Johnson & Johnson is engaged in the business of, among other things, manufacturing, selling, and marketing consumer products that include talc. One of J&J’s most popular products is Johnson’s Baby Powder, which it has sold since the 1890s. Up until 2020, one of the primary ingredients was talc. The State, through the Attorney General, commenced an action under the Mississippi Consumer Protection Act alleging that J&J failed to warn of the risk of ovarian cancer in women who used talc, seeking an injunction, and a civil penalty of up to $10,000 for each violation. In defense, J&J argued that the suit was preempted under the Federal Food & Drug Labelling Act. In a unanimous decision, the Mississippi Supreme Court rejected this defense.

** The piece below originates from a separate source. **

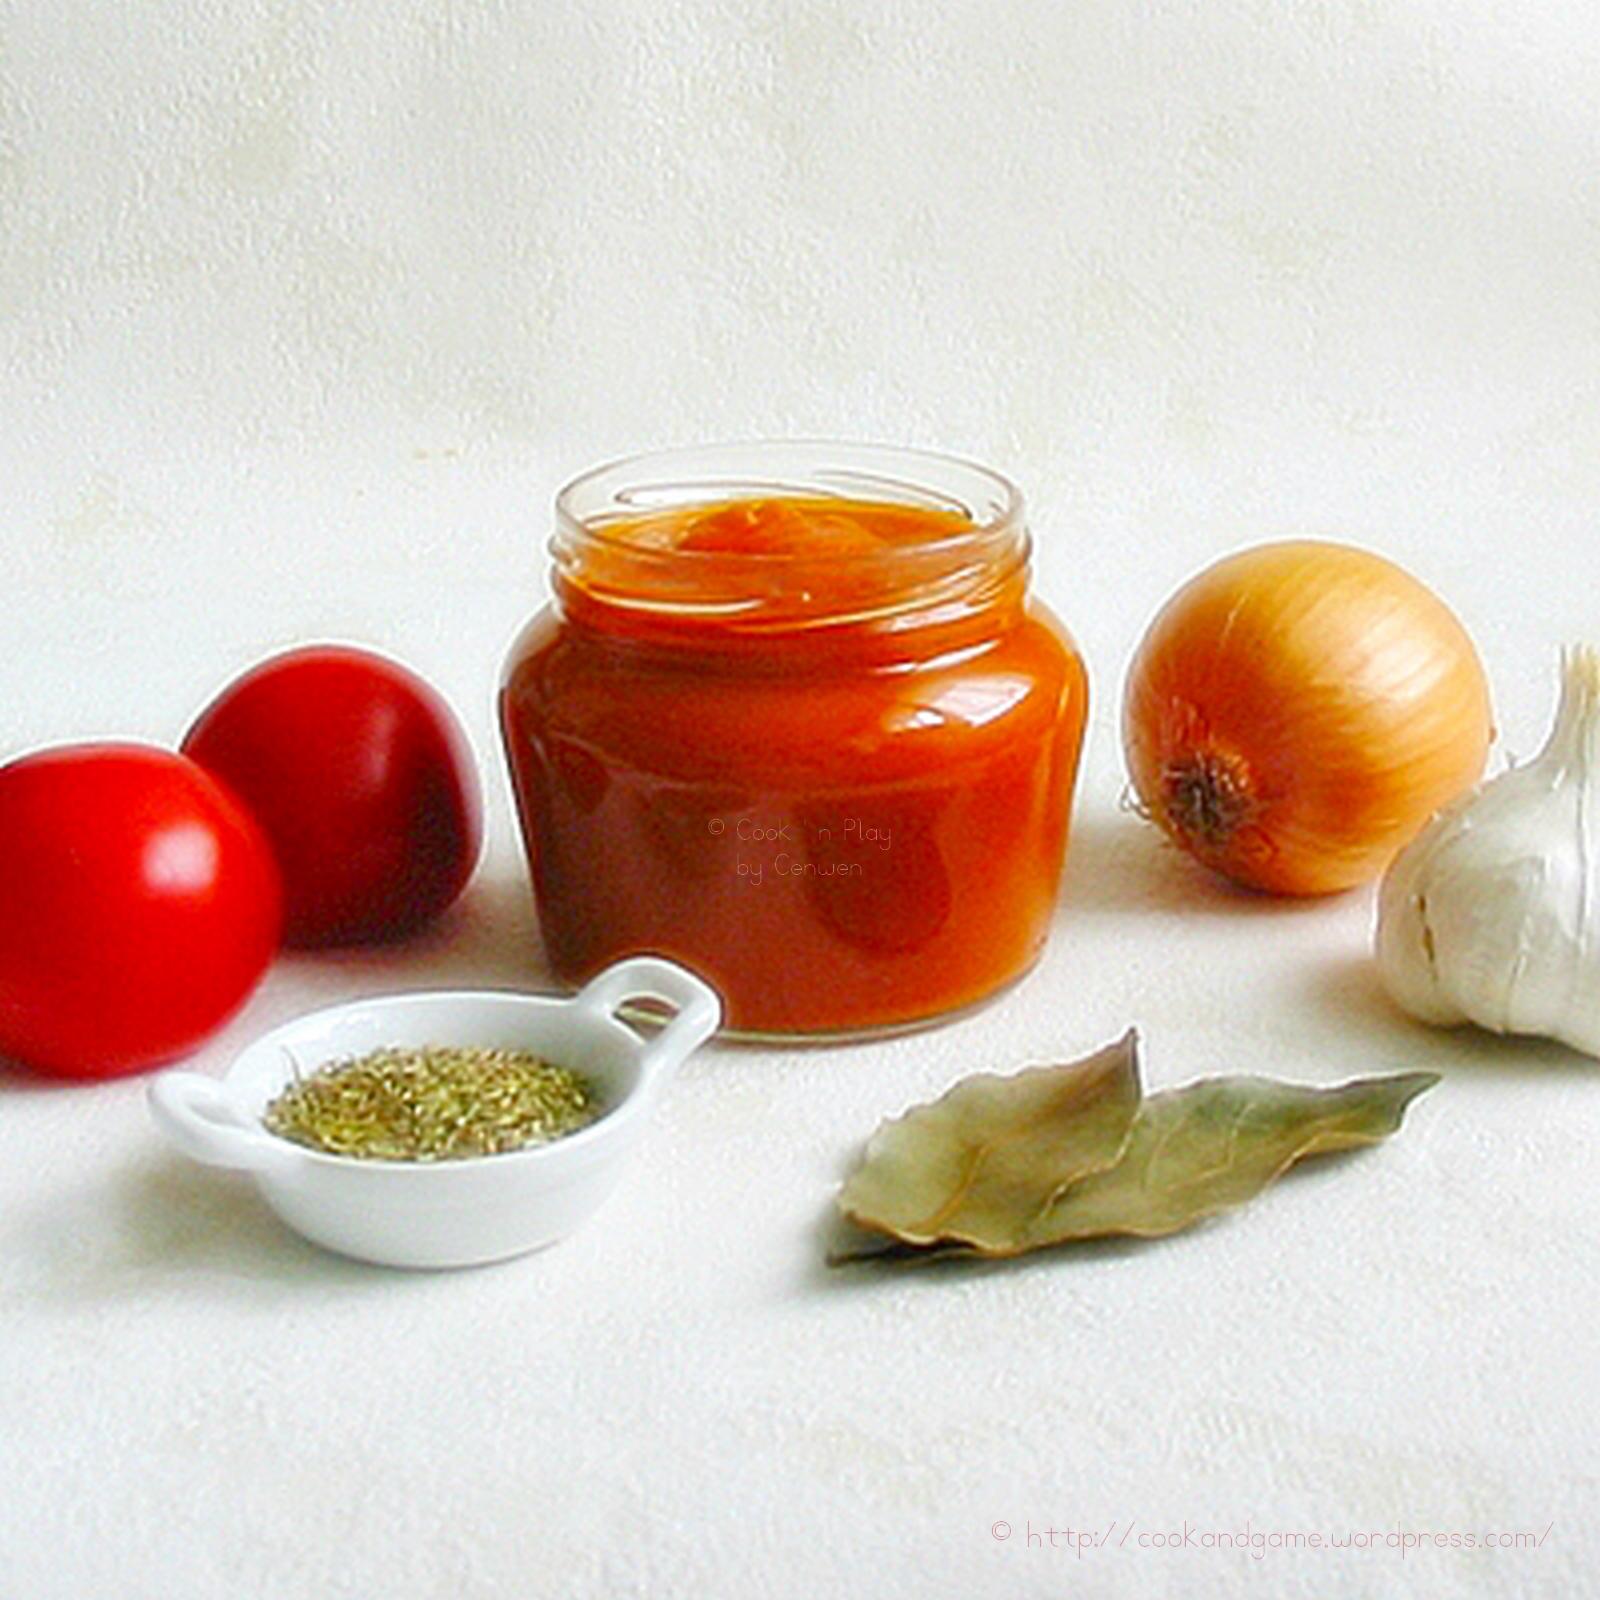 Cook n play la cuisine des anges - Soupe de tomate maison ...

“The State sought to require Johnson & Johnson to establish an ovarian cancer warning on Johnson & Johnson’s talc cosmetic products. Johnson & Johnson argues that the action is expressly preempted. While an express preemption provision indeed applies to cosmetics regulation, as stated previously, in order for the provision to fully apply, the Court must determine whether the State’s sought requirement falls within the provision’s scope. The express preemption provision preempts state requirements that establish or continue in effect a requirement for labeling or packaging of a cosmetic that is different from or in addition to a requirement specifically applicable to a particular cosmetic or class of cosmetics under this chapter. However, in the case sub judice, there was no requirement by the Food and Drug Administration….
“Johnson & Johnson argues that the Food and Drug Administration’s decision in two citizen petitions establishes preemption…. Both citizen petitions requested that the Food and Drug Administration require a cancer warning on cosmetic talc products because of the risk of ovarian cancer after applying talc in the female genital area. In its letter, the Food and Drug Administration denied the citizen petitions’ request for ovarian cancer warnings because the FDA did not find that the data submitted presented conclusive evidence of a casual association between talc use in the perineal area and ovarian cancer. In order to be binding on the public, the Food and Drug Administration must follow the notice and comment rule making process. While the Food and Drug Administration letter is considered a final agency action, it does not follow the notice and comment rule making process. In a similar case, a letter written by the commissioner of the Food and Drug Administration was deemed inaction, and the United States Court of Appeals for the Third Circuit held, ‘the FDA has not acted to regulate it in a manner that could preempt the plaintiff’s claims.’ Fellner v. Tri-Union Seafoods, 539 F.3d 237, 253 (3d Cir. 2008). Additionally, the United States Supreme Court has held that courts ‘have a duty to accept the reading that disfavors pre-emption.’ Bates v. Dow Agrosciences LLC, 544 U.S. 431, 449 (2005). Through its inaction, the Food and Drug Administration declined to make a requirement regarding cancer warnings for cosmetic products that contain talc.”
“Johnson & Johnson also argues that the State’s claim is barred by principles of implied preemption. Johnson & Johnson argues that obstacle preemption bars the State’s claim…. However, the Food and Drug Administration has declined to create a requirement, either positive or negative, regarding the cosmetic or class of cosmetics listed in the State’s claim, thus no interference could occur. There is no need to guess what Congress’ goal was when §379s(a) was enacted. The statute clearly prohibits states from having a requirement that is different from or in addition to a requirement that is already in place by the Food and Drug Administration. However, in the case sub judice, there is no existing requirement in place. Accordingly, the Food and Drug Administration chose not to exercise its regulatory authority, allowing the states the freedom to regulate cosmetics instead.”
Johnson & Johnson v. Fitch ex. rel. State, No.2019-0033, 2021 WL 1220579 (Miss. April 1, 2021).